Entries taken from a collection:
────────────────────────────────────────

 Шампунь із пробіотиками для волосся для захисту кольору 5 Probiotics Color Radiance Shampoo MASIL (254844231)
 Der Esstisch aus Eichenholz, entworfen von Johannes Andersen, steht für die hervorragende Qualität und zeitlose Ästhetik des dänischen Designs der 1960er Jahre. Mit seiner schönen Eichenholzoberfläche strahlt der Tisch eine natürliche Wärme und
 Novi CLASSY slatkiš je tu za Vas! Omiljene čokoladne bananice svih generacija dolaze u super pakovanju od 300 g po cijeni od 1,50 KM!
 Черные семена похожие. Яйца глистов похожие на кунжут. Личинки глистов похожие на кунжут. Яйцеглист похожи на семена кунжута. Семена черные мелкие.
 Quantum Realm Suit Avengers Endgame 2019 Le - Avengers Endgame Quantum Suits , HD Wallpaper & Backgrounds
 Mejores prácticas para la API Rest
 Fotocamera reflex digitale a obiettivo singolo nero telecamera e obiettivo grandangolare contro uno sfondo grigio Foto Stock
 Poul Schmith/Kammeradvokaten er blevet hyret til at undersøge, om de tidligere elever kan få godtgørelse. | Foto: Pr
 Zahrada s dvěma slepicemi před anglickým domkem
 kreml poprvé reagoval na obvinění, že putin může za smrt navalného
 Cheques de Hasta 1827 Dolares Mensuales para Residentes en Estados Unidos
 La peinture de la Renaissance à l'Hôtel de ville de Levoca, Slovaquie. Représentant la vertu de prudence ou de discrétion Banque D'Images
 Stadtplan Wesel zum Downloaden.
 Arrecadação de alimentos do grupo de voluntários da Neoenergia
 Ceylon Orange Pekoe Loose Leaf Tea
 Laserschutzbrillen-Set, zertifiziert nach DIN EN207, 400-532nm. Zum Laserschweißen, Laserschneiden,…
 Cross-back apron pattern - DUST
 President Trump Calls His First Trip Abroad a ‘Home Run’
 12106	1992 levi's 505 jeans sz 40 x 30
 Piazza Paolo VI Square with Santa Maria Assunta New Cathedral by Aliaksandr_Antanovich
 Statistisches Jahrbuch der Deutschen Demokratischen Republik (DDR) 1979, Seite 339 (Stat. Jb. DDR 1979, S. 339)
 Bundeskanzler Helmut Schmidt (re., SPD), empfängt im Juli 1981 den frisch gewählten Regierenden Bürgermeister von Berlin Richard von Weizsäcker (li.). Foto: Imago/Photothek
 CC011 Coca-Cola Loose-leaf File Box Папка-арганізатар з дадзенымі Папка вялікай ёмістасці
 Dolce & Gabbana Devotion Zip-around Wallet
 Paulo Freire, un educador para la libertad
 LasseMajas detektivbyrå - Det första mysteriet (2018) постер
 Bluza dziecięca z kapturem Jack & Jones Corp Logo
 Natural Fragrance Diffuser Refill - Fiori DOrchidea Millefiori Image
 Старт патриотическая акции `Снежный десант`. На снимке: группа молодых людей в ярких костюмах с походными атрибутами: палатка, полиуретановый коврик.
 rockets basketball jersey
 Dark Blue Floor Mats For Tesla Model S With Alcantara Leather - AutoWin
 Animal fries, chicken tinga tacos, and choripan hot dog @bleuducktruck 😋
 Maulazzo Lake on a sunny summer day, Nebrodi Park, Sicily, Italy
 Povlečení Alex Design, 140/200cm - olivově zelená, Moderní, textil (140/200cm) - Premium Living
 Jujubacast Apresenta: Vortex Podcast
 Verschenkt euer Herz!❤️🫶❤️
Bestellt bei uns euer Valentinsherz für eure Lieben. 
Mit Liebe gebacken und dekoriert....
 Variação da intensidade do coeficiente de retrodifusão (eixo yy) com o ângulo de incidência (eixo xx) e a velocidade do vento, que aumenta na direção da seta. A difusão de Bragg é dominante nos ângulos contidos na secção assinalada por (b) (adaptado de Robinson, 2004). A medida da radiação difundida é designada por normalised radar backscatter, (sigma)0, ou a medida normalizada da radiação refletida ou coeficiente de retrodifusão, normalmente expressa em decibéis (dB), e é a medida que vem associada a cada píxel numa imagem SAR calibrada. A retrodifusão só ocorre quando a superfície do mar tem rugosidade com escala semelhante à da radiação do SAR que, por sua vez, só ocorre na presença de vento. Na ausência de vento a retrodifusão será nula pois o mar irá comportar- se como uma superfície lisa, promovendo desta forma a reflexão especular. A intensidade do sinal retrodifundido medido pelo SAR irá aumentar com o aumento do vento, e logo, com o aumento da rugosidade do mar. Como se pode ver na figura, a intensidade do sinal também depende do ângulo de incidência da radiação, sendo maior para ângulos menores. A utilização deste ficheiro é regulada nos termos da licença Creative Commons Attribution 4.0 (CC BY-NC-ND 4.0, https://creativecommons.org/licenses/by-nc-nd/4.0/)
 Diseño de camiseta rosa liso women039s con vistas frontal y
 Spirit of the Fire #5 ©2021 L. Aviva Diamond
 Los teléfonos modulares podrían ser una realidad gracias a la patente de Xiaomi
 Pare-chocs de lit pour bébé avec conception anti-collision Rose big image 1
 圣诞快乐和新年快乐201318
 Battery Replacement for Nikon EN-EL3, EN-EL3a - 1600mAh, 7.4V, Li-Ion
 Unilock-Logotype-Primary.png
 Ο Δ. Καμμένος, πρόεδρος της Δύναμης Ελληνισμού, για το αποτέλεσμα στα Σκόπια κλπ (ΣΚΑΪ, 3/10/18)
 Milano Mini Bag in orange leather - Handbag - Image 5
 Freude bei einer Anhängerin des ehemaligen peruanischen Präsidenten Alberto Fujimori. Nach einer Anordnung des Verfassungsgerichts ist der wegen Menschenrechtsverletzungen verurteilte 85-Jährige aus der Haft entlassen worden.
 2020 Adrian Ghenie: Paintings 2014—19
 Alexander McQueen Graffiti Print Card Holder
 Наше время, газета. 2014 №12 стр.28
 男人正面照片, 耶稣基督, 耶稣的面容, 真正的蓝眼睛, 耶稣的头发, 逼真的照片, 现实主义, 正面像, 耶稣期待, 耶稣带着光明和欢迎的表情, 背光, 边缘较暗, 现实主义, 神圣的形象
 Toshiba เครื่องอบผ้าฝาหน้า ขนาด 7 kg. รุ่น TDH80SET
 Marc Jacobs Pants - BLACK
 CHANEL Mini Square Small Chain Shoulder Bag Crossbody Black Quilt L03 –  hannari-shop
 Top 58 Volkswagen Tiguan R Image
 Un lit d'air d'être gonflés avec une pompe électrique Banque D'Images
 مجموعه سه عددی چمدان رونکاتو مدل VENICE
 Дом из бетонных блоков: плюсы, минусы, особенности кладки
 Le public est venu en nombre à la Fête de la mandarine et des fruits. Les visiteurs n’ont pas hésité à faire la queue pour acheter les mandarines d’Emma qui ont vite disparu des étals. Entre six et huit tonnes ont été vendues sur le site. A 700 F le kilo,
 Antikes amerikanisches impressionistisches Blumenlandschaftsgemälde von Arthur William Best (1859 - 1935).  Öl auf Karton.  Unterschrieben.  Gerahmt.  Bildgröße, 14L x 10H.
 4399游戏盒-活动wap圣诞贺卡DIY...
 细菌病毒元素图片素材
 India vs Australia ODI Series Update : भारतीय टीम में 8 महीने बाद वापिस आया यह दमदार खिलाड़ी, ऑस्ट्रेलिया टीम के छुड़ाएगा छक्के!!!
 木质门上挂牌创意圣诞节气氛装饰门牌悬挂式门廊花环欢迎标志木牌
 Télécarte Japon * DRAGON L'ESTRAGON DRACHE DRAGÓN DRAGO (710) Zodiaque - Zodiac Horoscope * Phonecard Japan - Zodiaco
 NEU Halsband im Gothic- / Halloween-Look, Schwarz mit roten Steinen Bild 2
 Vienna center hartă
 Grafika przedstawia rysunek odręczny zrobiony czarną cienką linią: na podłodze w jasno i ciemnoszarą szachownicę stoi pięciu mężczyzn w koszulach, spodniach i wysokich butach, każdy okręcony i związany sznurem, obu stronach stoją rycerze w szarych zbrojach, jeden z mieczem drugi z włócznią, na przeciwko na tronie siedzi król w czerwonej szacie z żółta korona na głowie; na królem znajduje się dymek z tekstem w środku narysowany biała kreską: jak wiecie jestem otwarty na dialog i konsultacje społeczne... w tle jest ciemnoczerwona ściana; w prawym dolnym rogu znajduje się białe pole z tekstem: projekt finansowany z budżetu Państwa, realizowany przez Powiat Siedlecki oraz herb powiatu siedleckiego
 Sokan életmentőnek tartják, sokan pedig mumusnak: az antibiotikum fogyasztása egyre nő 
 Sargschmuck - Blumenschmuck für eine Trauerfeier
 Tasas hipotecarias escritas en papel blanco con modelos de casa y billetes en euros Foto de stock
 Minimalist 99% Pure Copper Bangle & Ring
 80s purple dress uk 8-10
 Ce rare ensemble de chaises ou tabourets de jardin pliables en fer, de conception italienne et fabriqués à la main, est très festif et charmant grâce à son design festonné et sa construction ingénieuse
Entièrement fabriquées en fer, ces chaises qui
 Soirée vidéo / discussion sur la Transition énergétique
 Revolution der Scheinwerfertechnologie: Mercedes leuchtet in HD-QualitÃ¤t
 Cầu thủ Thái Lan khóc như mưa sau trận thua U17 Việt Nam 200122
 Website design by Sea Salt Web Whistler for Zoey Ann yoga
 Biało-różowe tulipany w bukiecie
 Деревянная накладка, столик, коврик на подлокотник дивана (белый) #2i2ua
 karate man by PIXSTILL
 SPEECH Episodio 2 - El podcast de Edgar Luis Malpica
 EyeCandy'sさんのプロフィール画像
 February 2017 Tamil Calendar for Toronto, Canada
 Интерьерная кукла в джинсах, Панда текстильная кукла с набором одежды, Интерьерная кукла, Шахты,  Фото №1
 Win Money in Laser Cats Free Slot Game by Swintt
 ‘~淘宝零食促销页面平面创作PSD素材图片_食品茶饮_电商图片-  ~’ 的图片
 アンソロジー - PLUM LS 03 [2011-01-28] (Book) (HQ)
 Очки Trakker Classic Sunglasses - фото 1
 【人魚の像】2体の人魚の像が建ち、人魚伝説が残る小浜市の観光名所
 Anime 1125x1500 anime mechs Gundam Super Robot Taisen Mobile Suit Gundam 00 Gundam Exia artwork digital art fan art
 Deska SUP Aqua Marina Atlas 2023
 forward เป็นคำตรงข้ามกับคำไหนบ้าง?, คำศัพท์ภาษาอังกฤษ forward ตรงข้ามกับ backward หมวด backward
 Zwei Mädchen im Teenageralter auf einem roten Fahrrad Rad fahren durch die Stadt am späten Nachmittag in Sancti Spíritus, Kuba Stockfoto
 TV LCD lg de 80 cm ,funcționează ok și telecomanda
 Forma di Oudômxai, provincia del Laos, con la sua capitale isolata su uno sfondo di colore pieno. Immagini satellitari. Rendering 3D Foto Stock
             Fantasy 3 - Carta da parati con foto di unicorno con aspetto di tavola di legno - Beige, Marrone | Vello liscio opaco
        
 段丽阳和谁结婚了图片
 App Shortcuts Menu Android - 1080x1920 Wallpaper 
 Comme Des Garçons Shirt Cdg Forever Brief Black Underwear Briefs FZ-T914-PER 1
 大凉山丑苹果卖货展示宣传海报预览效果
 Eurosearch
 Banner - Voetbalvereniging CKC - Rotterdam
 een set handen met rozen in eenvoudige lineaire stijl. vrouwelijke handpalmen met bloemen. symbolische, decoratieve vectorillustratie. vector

────────────────────────────────────────

§ **Problem details**: Above are records; repeat only the lines starting at the line with "CC011 Coca-Cola Loose-leaf" and ending at the line with "Mit Liebe gebacken und dekoriert....", exactly as they appear, both included.

§ **Reply**:
 CC011 Coca-Cola Loose-leaf File Box Папка-арганізатар з дадзенымі Папка вялікай ёмістасці
 Dolce & Gabbana Devotion Zip-around Wallet
 Paulo Freire, un educador para la libertad
 LasseMajas detektivbyrå - Det första mysteriet (2018) постер
 Bluza dziecięca z kapturem Jack & Jones Corp Logo
 Natural Fragrance Diffuser Refill - Fiori DOrchidea Millefiori Image
 Старт патриотическая акции `Снежный десант`. На снимке: группа молодых людей в ярких костюмах с походными атрибутами: палатка, полиуретановый коврик.
 rockets basketball jersey
 Dark Blue Floor Mats For Tesla Model S With Alcantara Leather - AutoWin
 Animal fries, chicken tinga tacos, and choripan hot dog @bleuducktruck 😋
 Maulazzo Lake on a sunny summer day, Nebrodi Park, Sicily, Italy
 Povlečení Alex Design, 140/200cm - olivově zelená, Moderní, textil (140/200cm) - Premium Living
 Jujubacast Apresenta: Vortex Podcast
 Verschenkt euer Herz!❤️🫶❤️
Bestellt bei uns euer Valentinsherz für eure Lieben. 
Mit Liebe gebacken und dekoriert....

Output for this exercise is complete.